Le nom 8 Years in the Desert tire son origine d’une peine que Phinney a récemment purgée dans le purgatoire variétal. Après avoir vendu The Prisoner à Huneeus Vintners en 2008 (il a ensuite vendu sa société mère, Orin Swift Cellars, à E&J Gallo en 2016), il a signé une clause de non-concurrence, acceptant de ne pas faire de Zinfandel pendant huit ans. Maintenant, il est enfin libre d’en produire pour Orin Swift Cellars.
Comme pour The Prisoner, dont l’étiquette arborait une gravure accrocheuse de Francisco de Goya, 8 Years in the Desert est emballé de manière créative. Seulement 3 500 caisses du millésime 2016 ont été mises à la disposition des collectionneurs, chacune portant une étiquette mixte différente.
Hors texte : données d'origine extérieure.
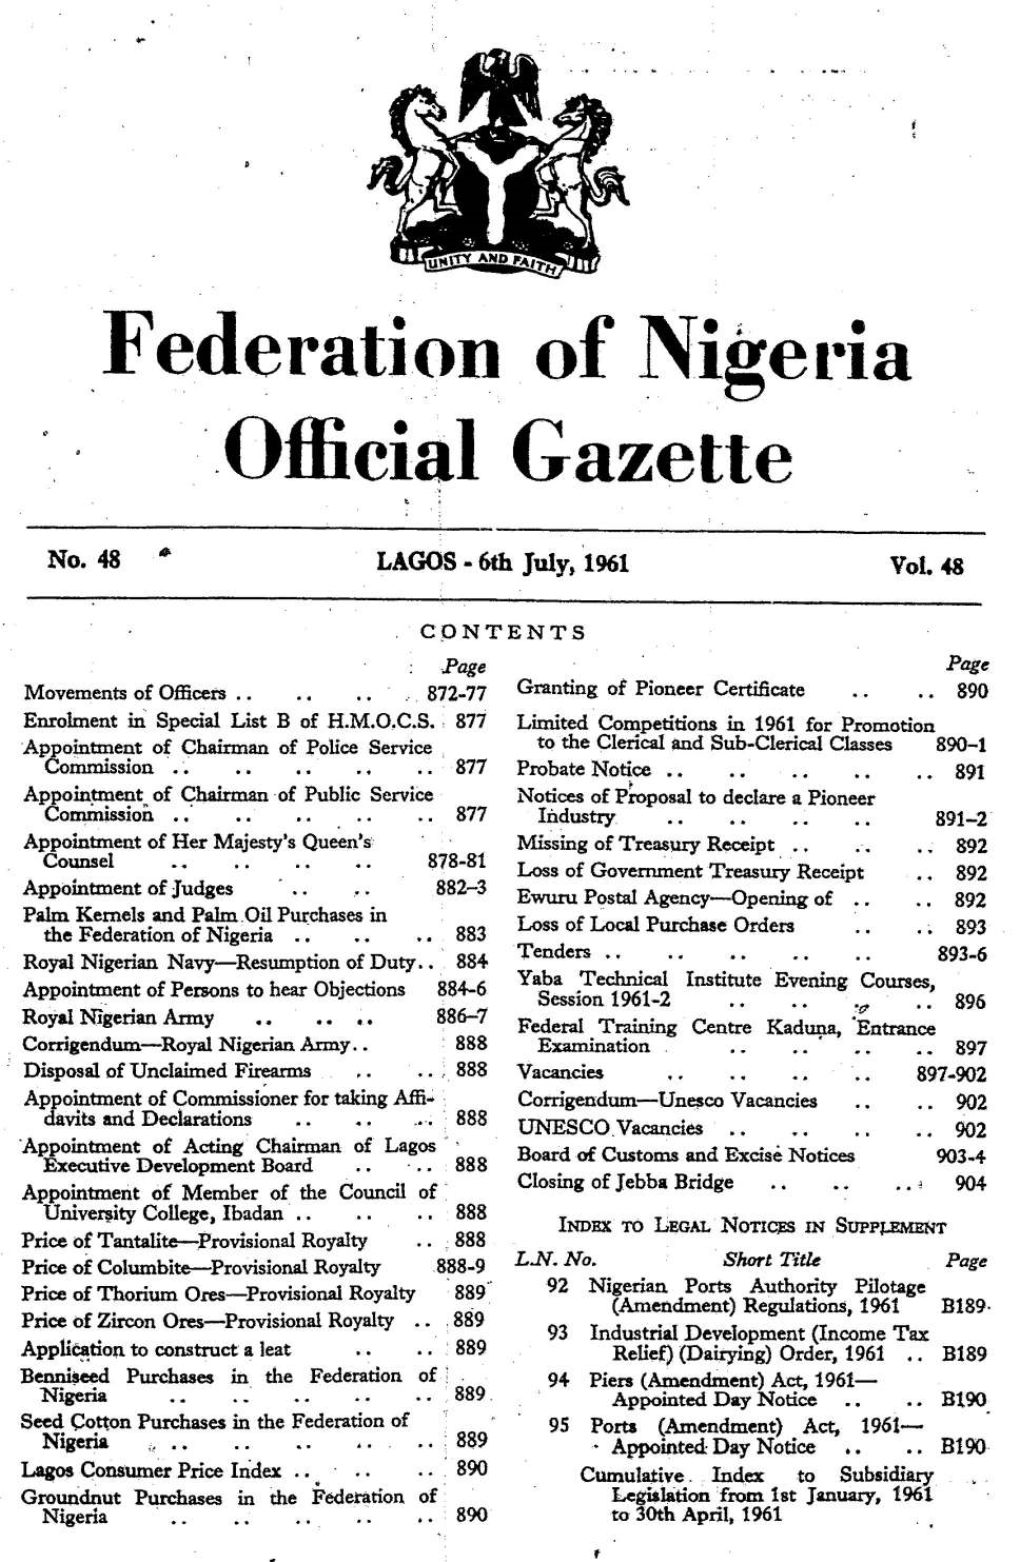 Federation of Nigeria - ‘Official Gazette

Toutes ont été personnellement conçues par Phinney, un amoureux de tout ce qui est tactile, y compris les magazines, les livres et les skateboards (une obsession de sa jeunesse). L’une de ces étiquettes a également été utilisée sur le millésime 2017 ; les sept autres suivront dans les millésimes suivants.
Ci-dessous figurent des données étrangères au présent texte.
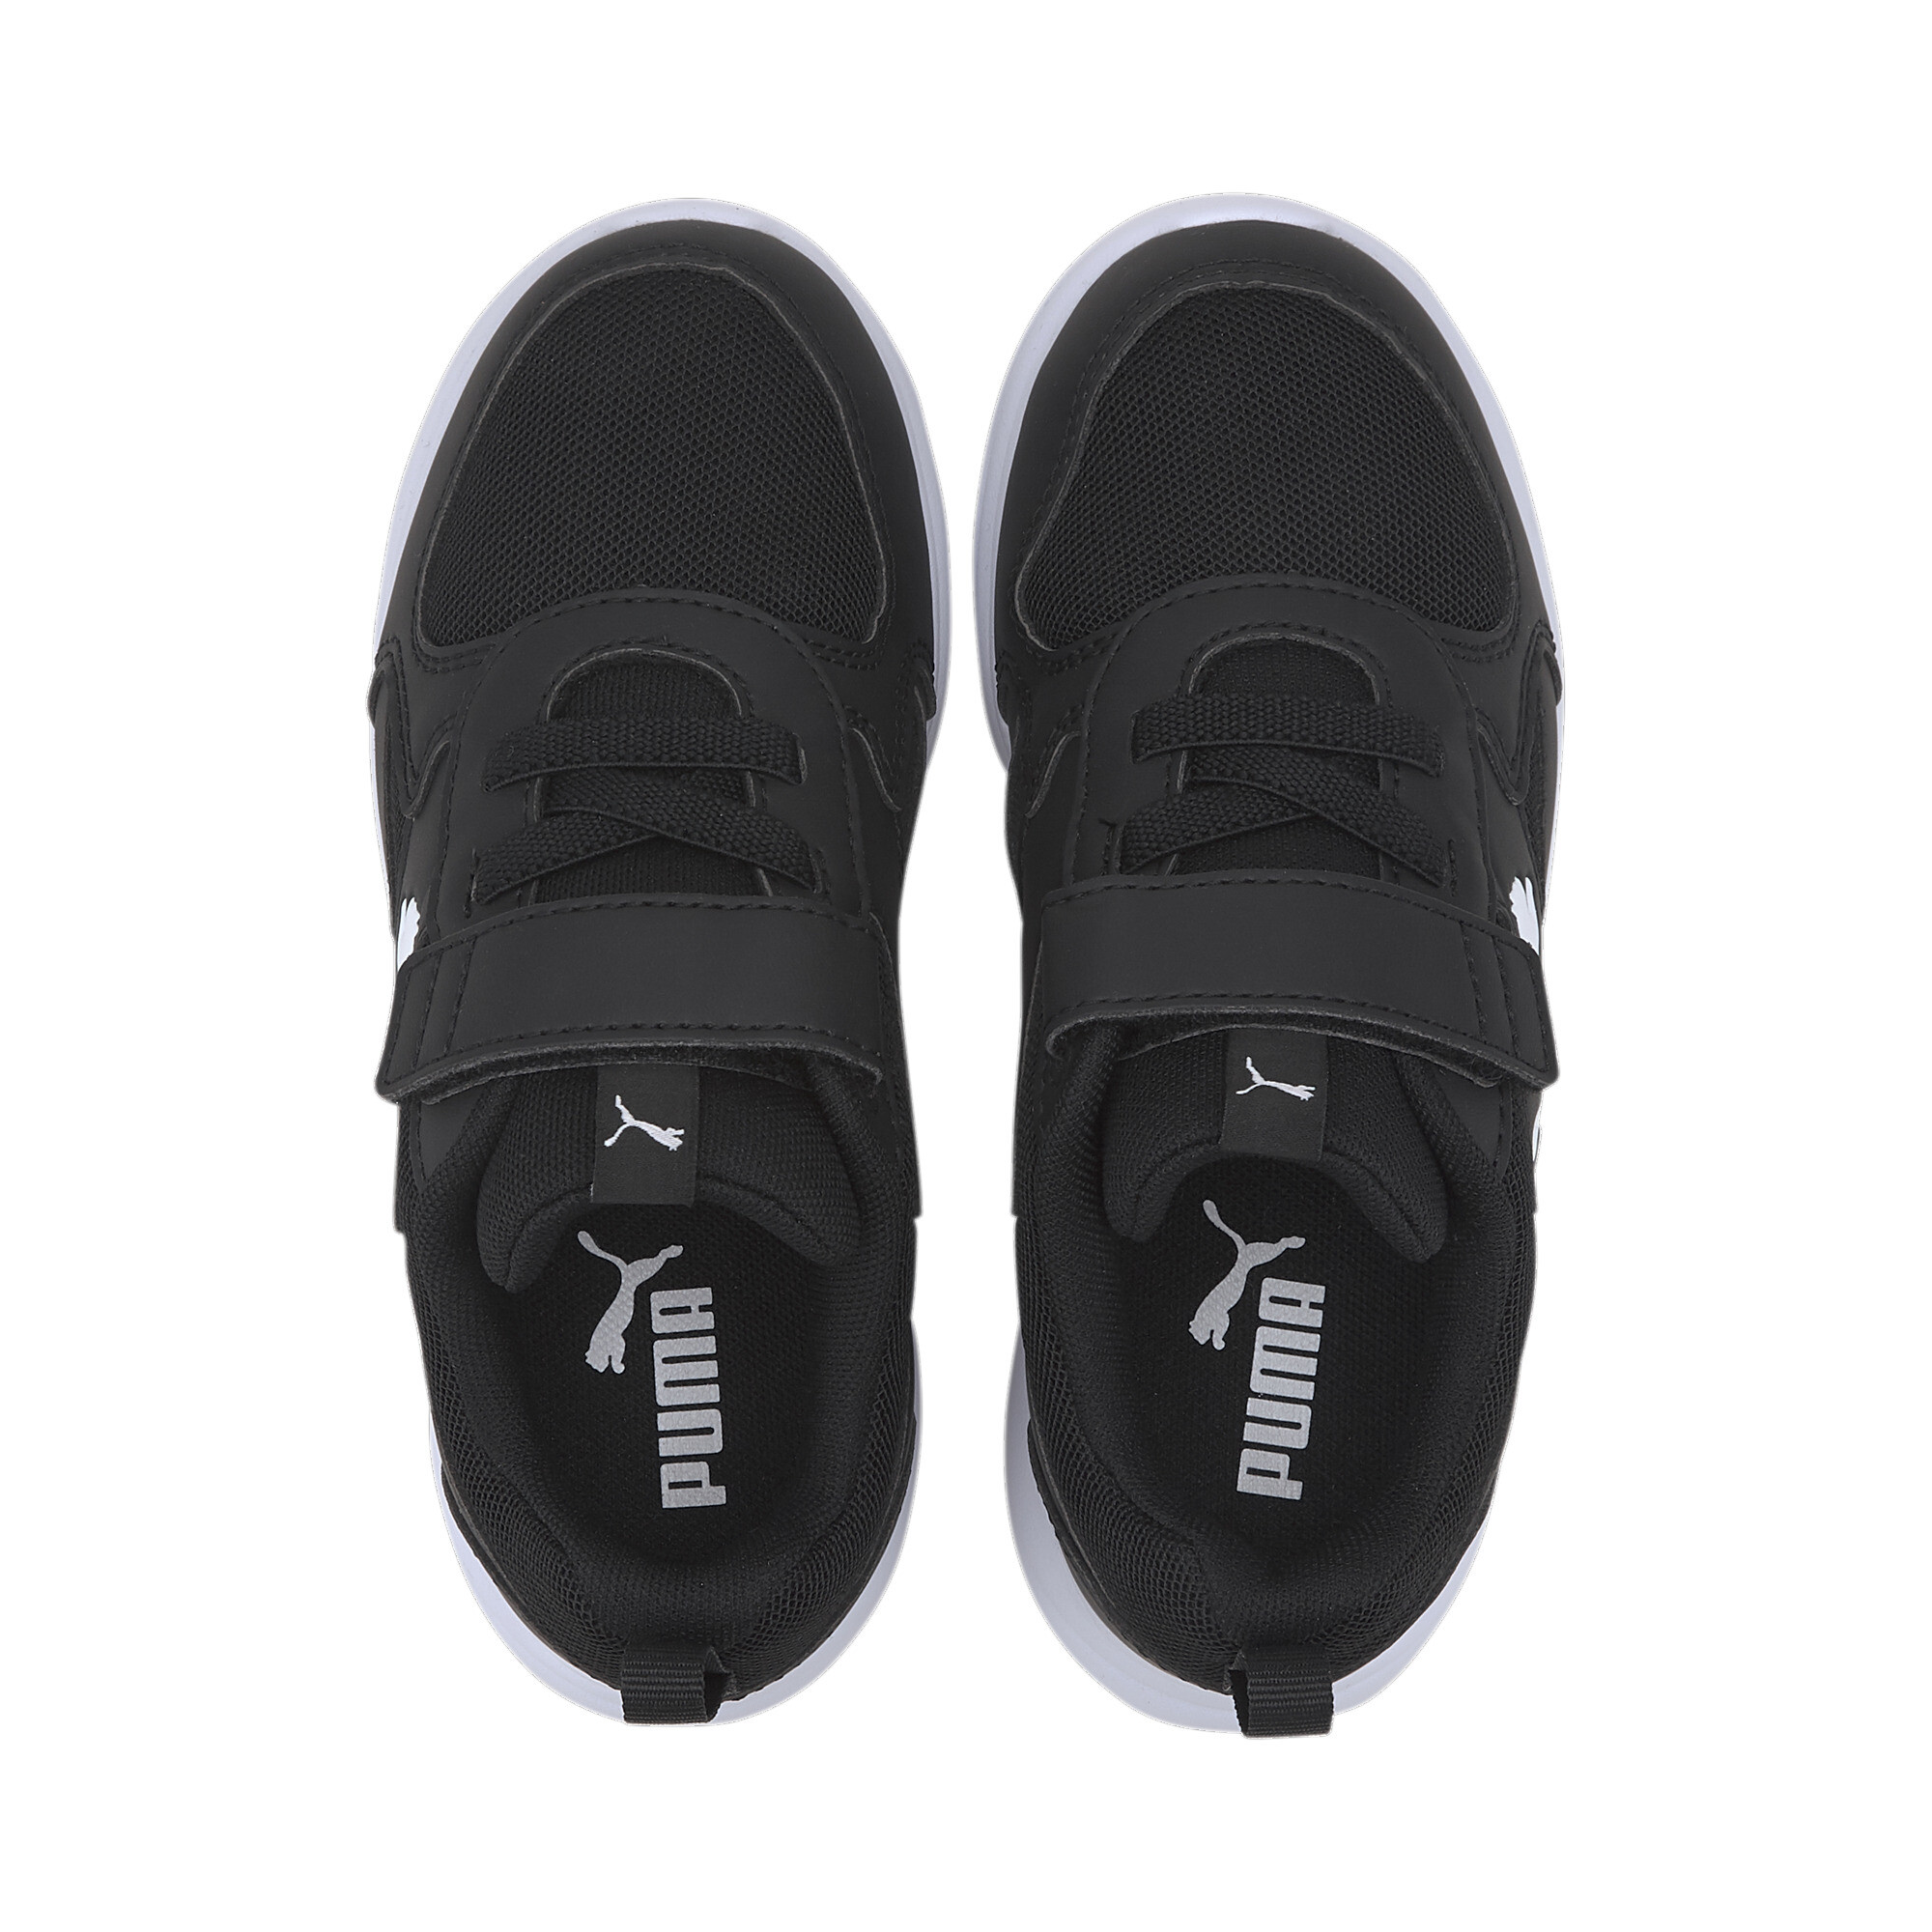 Kids' PUMA Fun Racer Sneakers In Black, Size EU 32

Phinney affirme que ses vins sont plus qu’une marque cool. Il croit qu’il « surpasse la qualité tout en sous-livrant le prix ». (Le prix de vente conseillé de 8 ans dans le désert est de 50 $.)
Todd Wernstrom, directeur des ventes de l’importateur et distributeur de vins à production limitée The French Corner, est d’accord. « J’ai tendance à éviter les étiquettes comme la sienne car elles me suggèrent généralement, et cela se vérifie souvent dans le verre, que le producteur vend ce qu’il y a sur la bouteille plutôt que ce qu’il y a dedans », dit-il. « Phinney est l’exception à cette règle. »
Le Prisonnier a fait des vagues en étant tout à fait unique et pourtant largement accessible. Phinney peut-il capturer la foudre dans une autre bouteille magnifiquement conçue ?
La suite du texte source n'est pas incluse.